13. See the excellent article by Jean Ziegler about rice as a finance product in Le Monde Diplomatique, February 2012.

14. See "Vulture Investor Battles For Death-Bet Payoffs", Wall Street Journal, 20 April 2012.

15. In Spain real estate and construction are the sectors most behind in paying their loans, thereby endangering banks.

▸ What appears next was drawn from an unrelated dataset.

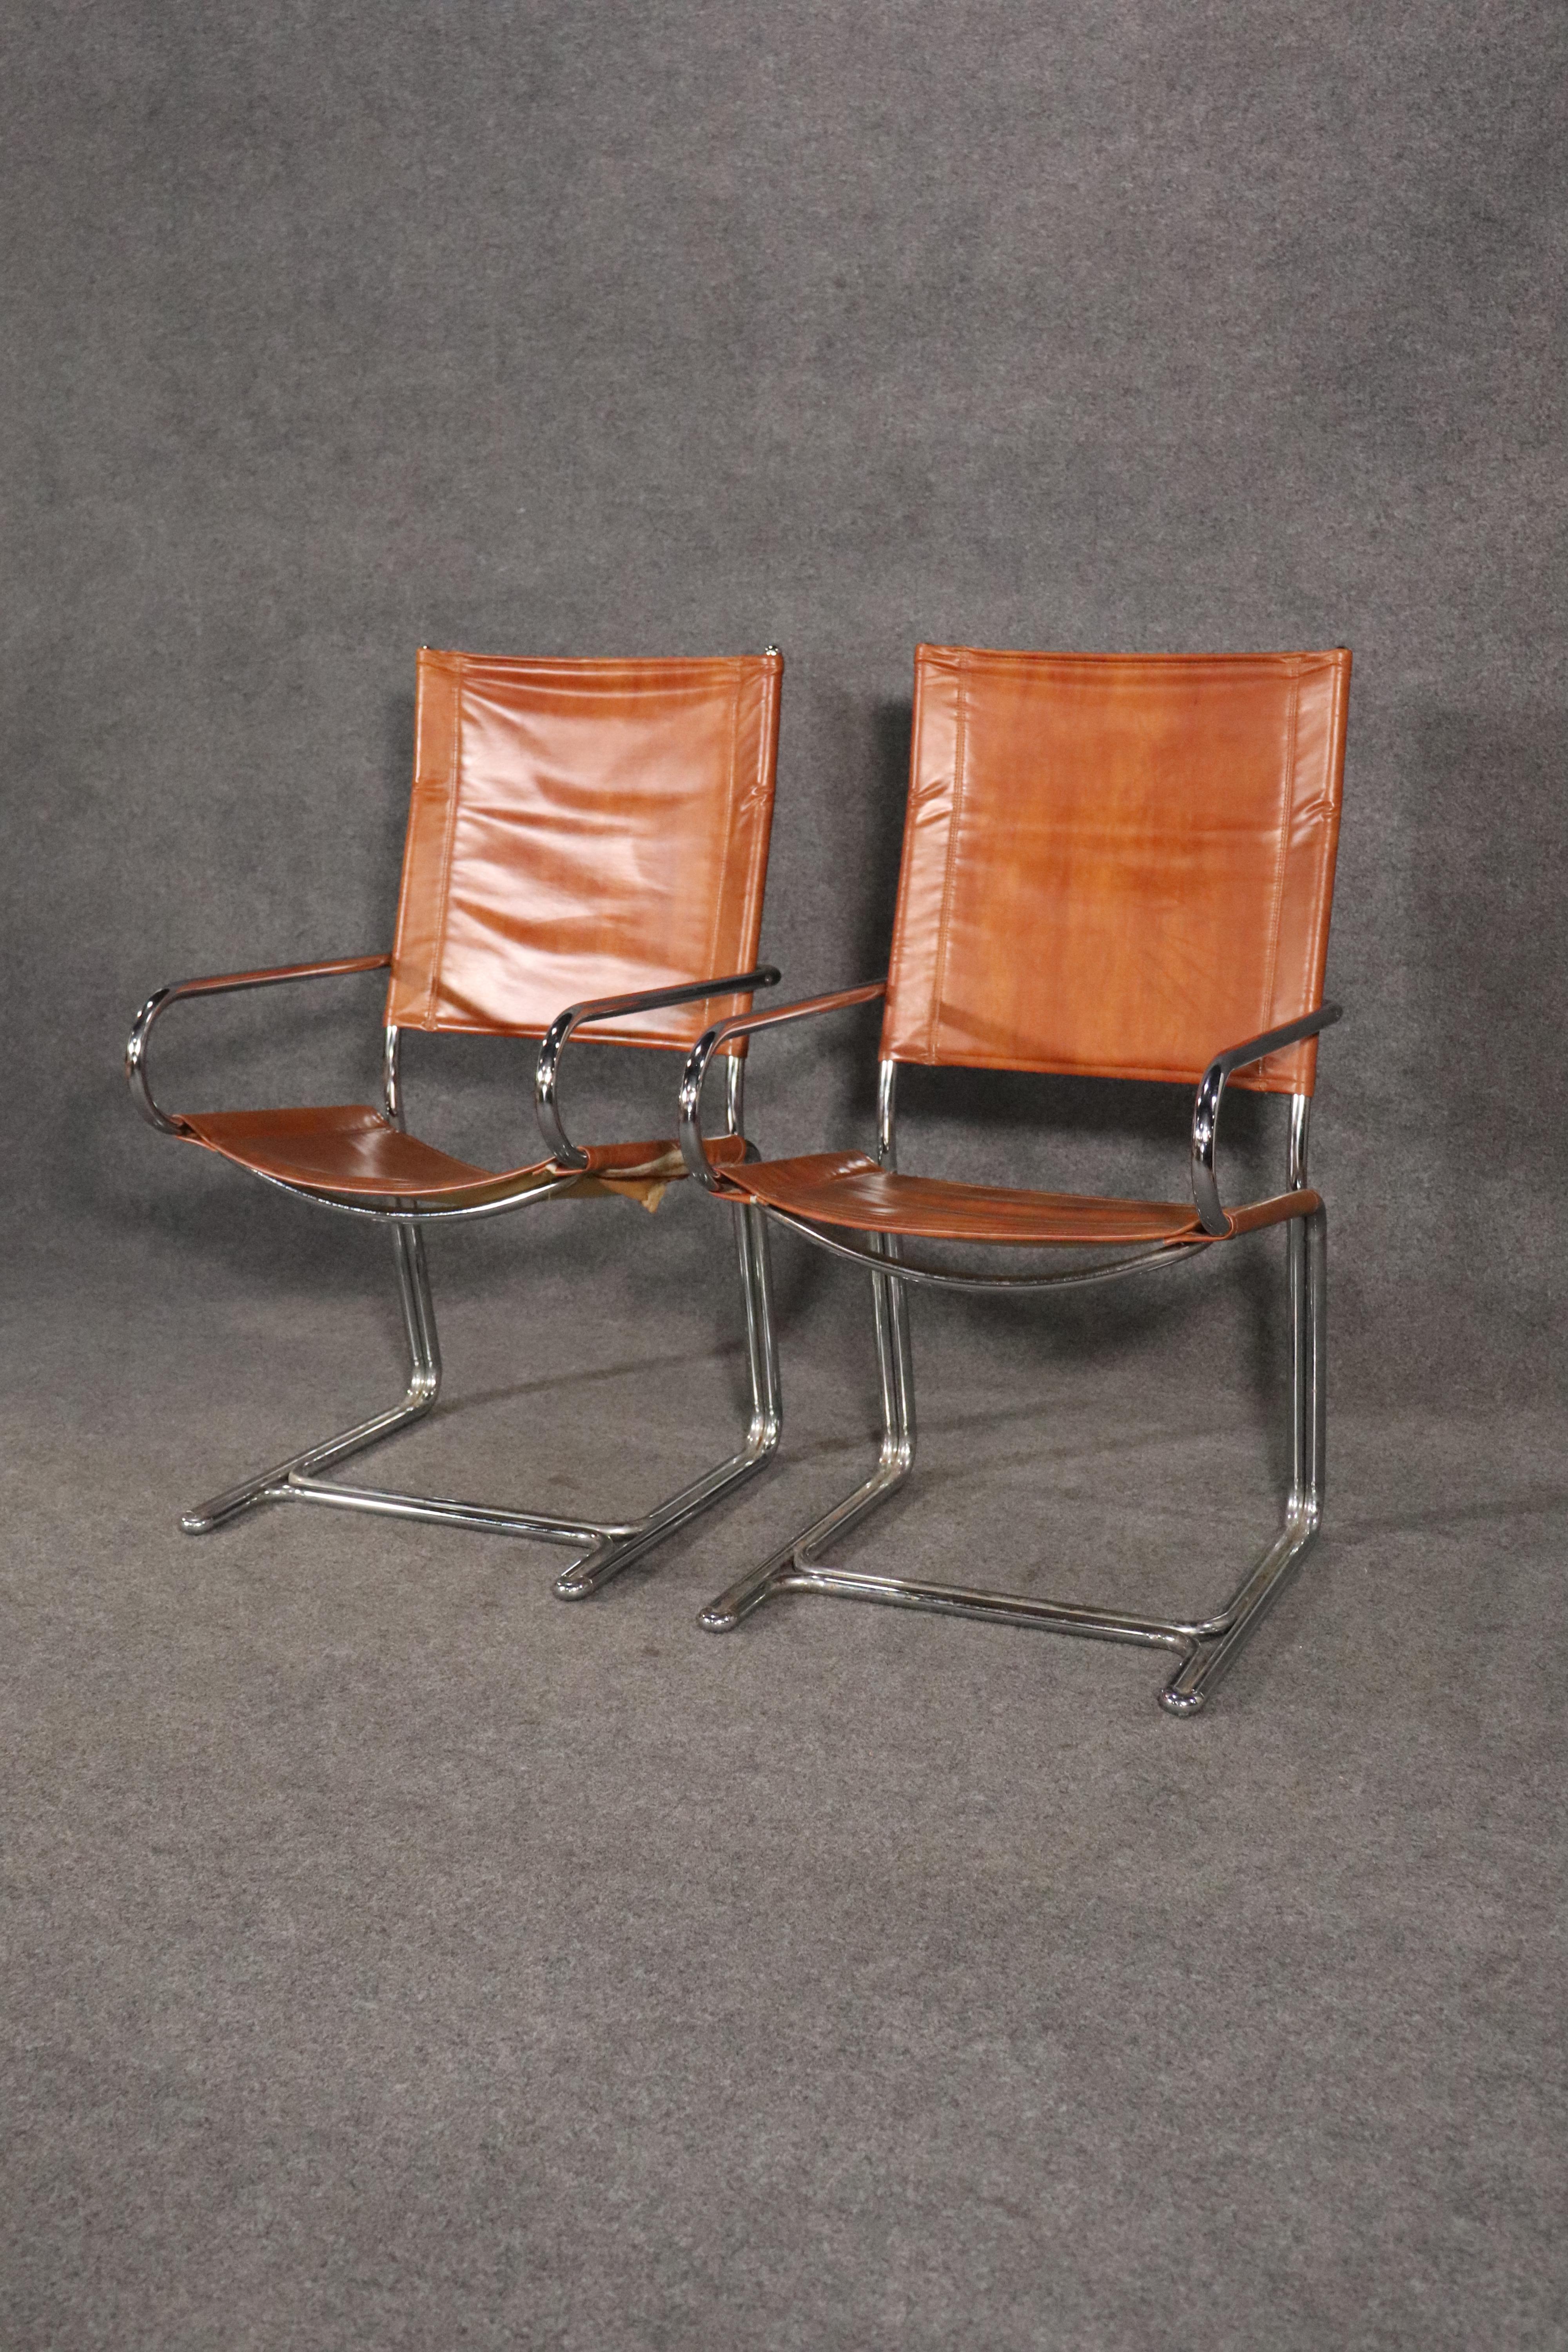 Pair of mid-century modern arm chairs made by Cosco Home Products. Made of strong polished chrome frames, bent to go around the entire chair. Low profile arms, sling leather style fabric, sturdy and stylish.
Please confirm location NY or NJ

But the real crisis is in the suffering due to foreclosures, so far about 150,000 "mortgage executions", with 238,000 pending (Soledad Gallego-Díaz: "Hell and Good Intentions", El País, English edition 5 March 2012). "Nothing could be done about these evictions, we were told, because it would endanger the stability of the system." Comments unnecessary.

16. Der Spiegel, 5/2009, p. 133, has a photo from a Wall Street demonstration with a message to the bankers ("banksters"?) watching from above: JUMP! You fuckers!

17. As Andrew Hacker puts it: "The crucial fact is that the upward flow of money has reduced the spending power of those lower down, most notably the bottom 60 percent". op.cit.

18. There has been much research on negative attributes highly correlated with becoming rich, such as ego-centrism, self-righteousness, willingness to exploit, lack of empathy. George Monbiot, columnist in The Guardian (in Klassekampen, 17 January 2012), refers to studies by Belinda Board and Katarina Fritzon, and by Paul Babiak and Robert Hare (Snakes in Suits), and Branko Milanovic (The Haves and the Have Nots). An additional factor producing wealth and inequality is simply differences in luck; not ability, they could just as well have been throwing dice.